McDonough
Pro-Life Advocate Finds Spiritual Community
By REBECCA RAKOCZY, Special To The Bulletin | Published November 8, 2007
Linda Powell was a “good, faithful Catholic” in Ohio when the U.S. Supreme Court’s Roe v. Wade decision legalized abortion.
“I wasn’t paying much attention to what it meant,” she said. “Abortion was not on my radar screen—I was raising children, and I couldn’t fathom what it would turn into. I thought that everybody was like me, that they were pro-life.”
It would be a personal epiphany during her third pregnancy that marked the beginnings of what would become a lifelong commitment advocating for the unborn.
More than 30 years later, that avocation became a commitment to Father Peter West of the national pro-life organization, Priests for Life, as Powell “joyfully promised” to “defend the weakest among these” as a lay associate of the Missionaries of the Gospel of Life. The promise ceremony occurred Oct. 27 before friends and family gathered at St. James the Apostle Church in McDonough where Father West came to speak.
Powell began her journey to become a lay associate more than a year ago when she met James Pinto, a pastoral associate for Priests for Life, at the Eucharistic Congress in Atlanta. She now joins 1,000 lay associates across the nation committed to praying and witnessing for the unborn. As a lay associate, she will be praying, studying and giving witness to others as a pro-life advocate, something she has done for many years, she says. But she’ll have more support.
“It’s knowing that there is a community of others who are praying for the unborn that gives me strength,” said Powell. “You can do this on your own, but when you realize that there are other people who are saying the same prayers every day, even if you’re praying in your home by yourself, you have this feeling of community.”

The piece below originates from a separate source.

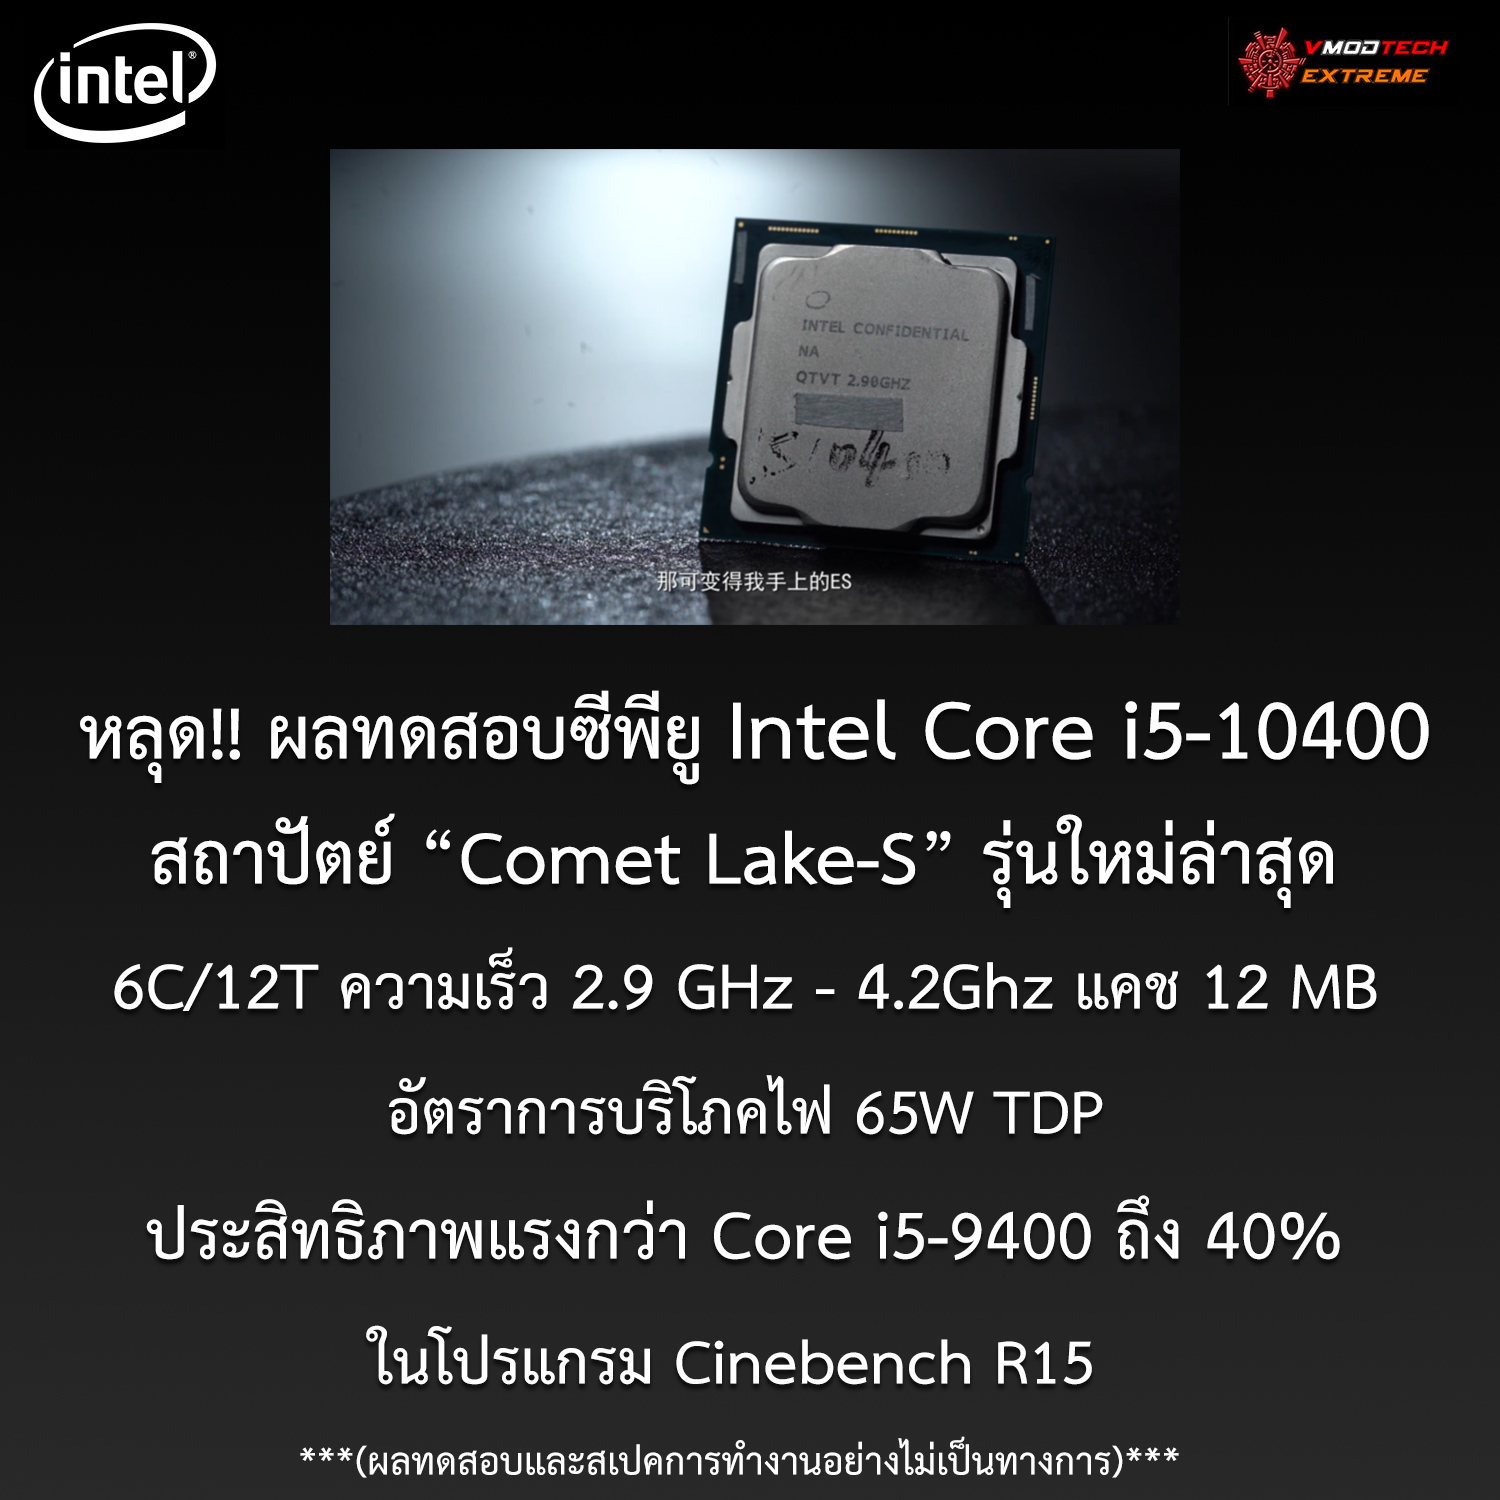 intel core i5 10400 benchmark หลุด!! ผลทดสอบ Intel Core i5 10400 รุ่นใหม่ล่าสุดประสิทธิภาพแรงกว่า Core i5 9400 ถึง 40% ประสิทธิภาพใกล้เคียง Core i7 9700F กันเลยทีเดียว

The lay associates follow a handbook of prayers and a study guide written by Father Frank Pavone, pro-life leader and founder of Priests for Life. Father Pavone has established the Missionaries of the Gospel of Life as a Society of Apostolic Life for priests and lay associates.

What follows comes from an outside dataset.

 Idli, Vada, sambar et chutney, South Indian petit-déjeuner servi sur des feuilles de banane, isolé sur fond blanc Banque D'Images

Powell’s awakening about abortion came with her third pregnancy, she said.
“It was 1975, and I was pregnant with my third daughter, and I was not well; my husband at the time didn’t tell me to have an abortion, but he was intimating it,” she said. “And we were like a lot of young couples, and we were struggling.”
Powell didn’t have an abortion, but the idea that other couples in similar circumstances could even be considering an abortion galvanized her. She became active in the local post-abortion healing and treatment program in Ohio.
“I realized this was much more than just a Supreme Court decision; abortion was going to touch my life in some way. It was becoming (an issue) for people who you wouldn’t ordinarily think would talk about it. They were using it as a possible (birth control) option.”
Powell began to work with women who had already had abortions.
“I felt that they needed to be healed and brought back to the church, to the forgiveness of Jesus Christ,” she said. Her work with other women was agonizingly brought home years later when she learned that her 18-year-old daughter had had an abortion.
“I knew that there was something wrong, that she was suffering spiritually. I couldn’t get through to her,” Powell recalled. Her daughter attended Project Rachel’s Vineyard Retreat (a program for women who have experienced abortion) and started on the path to spiritual healing.
It’s this extremely personal understanding of the spiritual pain of aborting a child that helps Powell reach out to others.
“I know there are other hurting women in our church,” she said. “And people know you have a heart for them. I have women come up to me when I am passing out pro-life material, and they confess their abortion to me and ask me to pray for them.”
Her pro-life work continued into the 1990s when Powell and her second husband, Charles, moved to Georgia and became active at St. Matthew Church in Winder. Powell worked at the local pregnancy resource center, eventually becoming involved in Barrow County’s Right to Life chapter and became the Respect Life Month coordinator at St. Matthew.
“Everybody knew that I was the person to come to at St. Matthew’s for pro-life issues,” she said.
But despite her involvement, she felt that there was a missing piece in her ministry. “There was a spiritual aspect that seemed to be missing,” she said. That missing piece is now filled. Powell hopes she can move others to consider becoming lay associates.
“Some parishes are wonderful and supportive (of pro-life ministries), and in some parishes you have to struggle and jump through hoops to get anything done,” she said.
According to Ray Mooney, a lay associate based at Priests for Life in New York, there are almost 1,000 registered lay associates in the United States, Canada and Australia. And when several people gather to pray and witness for pro-life issues, they can become a “Life Cell.”
“Becoming a lay associate makes you a part of a national organization that is approved by the Vatican, and well known to the United States Conference of Catholic Bishops; it gives people a sense of belonging to something bigger than themselves; it gives them confidence,” Mooney said.
Becoming a lay associate “doesn’t take any more time,” than her normal pro-life activities, Powell said. “It expands my spirituality and makes it more focused, and it’s nice to know I have the full and total blessing of the church.”